Прохор еле заметно скривился – Бергамотов все равно не увидит. Да уж, петербургский Шерлок Холмс! Даром что альбинос и слепой. Так еще вместо доктора Ватсона покрытый татуировками индеец плюс малахольный пес в качестве компаньона!
– А теперь расскажите, что вам известно! – продолжил Бергамотов и вдруг подмигнул невидящим карим глазом Курицыну. – Нет, исключительно добровольно, конечно! Мэхпи пытать вас не будет, ибо он был внедрен в банду Васьки Пороха, чтобы предотвратить распространенные там издевательства над пленниками и, конечно же, разузнать все, что возможно, о Профессоре!
Вот оно что! Значит, Бергамотов тоже идет по следу таинственного Профессора! Прохор почуял, что сенсация будет знатная. Но делиться информацией с конкурентом он не собирался.
– Кстати, сударь, все же неудобно – разрешите узнать ваше имя!
– А что, узнать без моей помощи вы не в состоянии? – съязвил Курицын. – Однако прошу прощения, мену зовут Про… Я хотел сказать – Павел Двушкин, внештатный корреспондент, как вы верно догадались, «Бульварного экспресса»!
Павлом Двушкиным звался – и в этом отношении Прохор не слукавил – реальный внештатный корреспондент того издания, на которое работал и он сам. Только этот Двушкин был креатурой уж слишком заносчивой, самолюбивой и подловатой, посему назваться его именем Курицыну доставляло истинное наслаждение. Если у кого и будут потом неприятности, так у Двушкина – и поделом. Сам же Прохор планировал остаться в тени и, продолжая метафорический ряд, выйти сухим из воды. Потому что знакомство с г‑ном Бергамотовым было, конечно, приятным и делало большую честь им обоим, но вот углублять свои отношения с петербургской полицией Прохор отнюдь не планировал. И ждал одного – подходящего момента, чтобы ретироваться.
– Ага, стало быть, господин Двушкин! – заметил с улыбкой Орест Бергамотов. – Что ж, рад нашему знакомству!
Прохор пробормотал, что это взаимно, а потом быстро спросил:
– А Профессор… Что о нем известно?
Сыщик неопределенно повел плечами и ответил:
– Крайне, крайне мало. Он и ранее был инициатором и истинным бенефициантом многих преступлений, имевших место на бескрайних просторах нашей с вами родной империи, однако на сей раз, и в этом мое мнение разительно отличается от мнения господина товарища начальника сыскной полиции, Профессор задумал нечто грандиозное!
– Интересно, что? – откликнулся Прохор как можно более безразличным тоном, желая, однако, поскорее ознакомиться с версией господина сыщика.
Но тот лишь снова пожал плечами, и Прохор понял, что делиться своими соображениями Бергамотов не спешит. А раз так, то и он сам не обязан ничего ему докладывать – во всяком случае, сверх того, что объяснило бы его пленение бандитами Васьки Пороха.

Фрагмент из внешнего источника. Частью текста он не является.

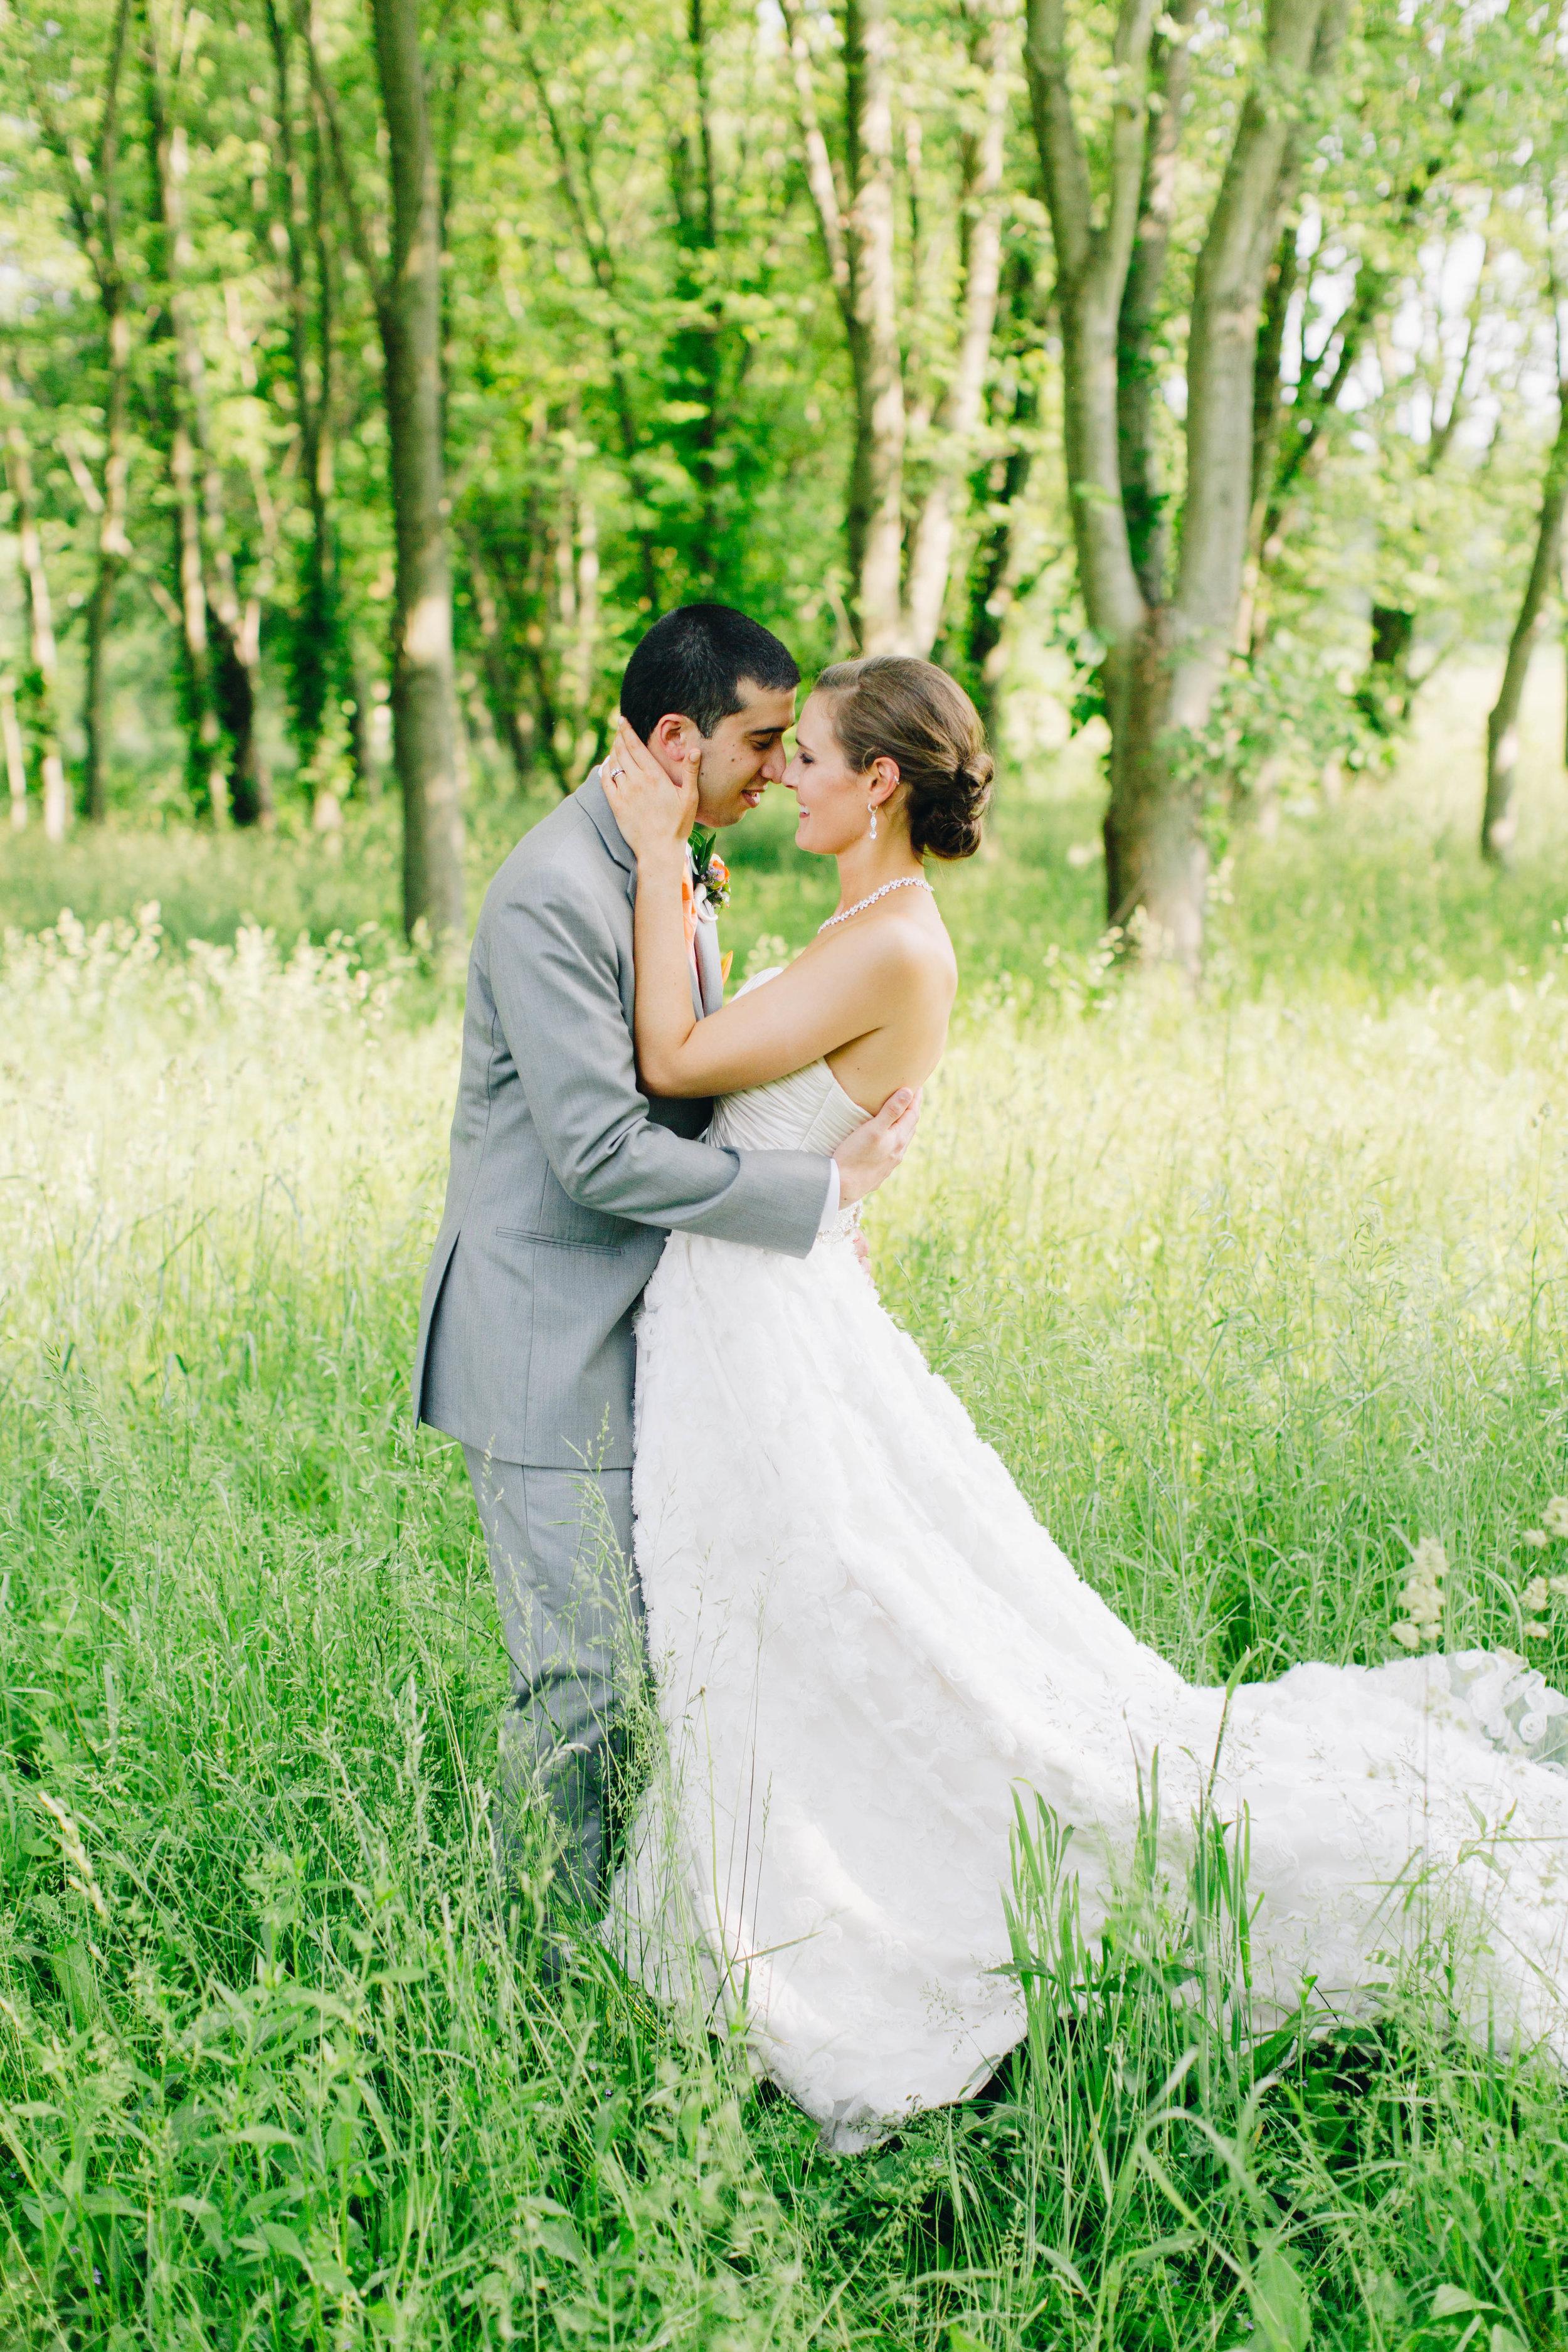 weddinghighlights-19.jpg

– Понимаю ваш пыл, Двушкин, однако советую не полагаться более на чудесное спасение нашими силами, ибо такое везение выпадает только раз в жизни, – продолжил Бергамотов. – Однако чувствую, что вы не намерены отступать от расследования, в которое угодили явно случайно. Посему предлагаю вам вести это дело вместе!
Прохор слегка поморщился. Ну да, знаем мы такие предложения от господ сыщиков, салонных чистоплюев! Ясно как день, что Бергамотову, по причине его немощи, нужны глаза и дополнительная пара быстрых ног. Он, Прохор, будет поставлять ему с риском для жизни добытую информацию, а сыщик станет делать вид, что сам раскрыл преступление, и загребать жар чужими руками. А вместе с ним и славу, и, вероятно, деньги!
– Соглашаться! – подал голос безмолвный до той поры индеец со странным именем Небо. Говорил он по-русски вполне понятно, только со странным гортанным придыханием. Открыв глаза и выплюнув эту короткую и емкую фразу, он снова прикрыл их. А лежавший у ног сыщика пес Зигфрид тявкнул, словно в подтверждение.
– Ну… Не думаю, что мое начальство согласится… Да и вообще… – пробормотал Прохор, размышляя, как бы так отказаться, чтобы больше не приставали. А краем глаза заметил одного из важных полицейских чинов, который направлялся в их сторону. В нем, на свою беду, Курицын узнал полковника Брюхатова, с которым ему несколько раз приходилось сталкиваться, причем при весьма и весьма неприятных обстоятельствах. Мало того что полковник имел на Прохора зуб и как-то публично грозился услать его в места не столь отдаленные, но он мог к тому же испортить все дело, назвав его по имени – Прохором Курицыным, а не Павлом Двушкиным. И опять же, приписать ему членство в банде Васьки Пороха и услать в места не столь отдаленные…
В этот момент снова раздался взрыв – в одном из полуразрушенных складских помещений что-то запоздало сдетонировало. Пользуясь возникшей неразберихой, Прохор осторожно отошел в сторону, а затем дал деру. Больше всего он боялся, что за ним устремится зверского вида пес, но этого, слава богу, не случилось.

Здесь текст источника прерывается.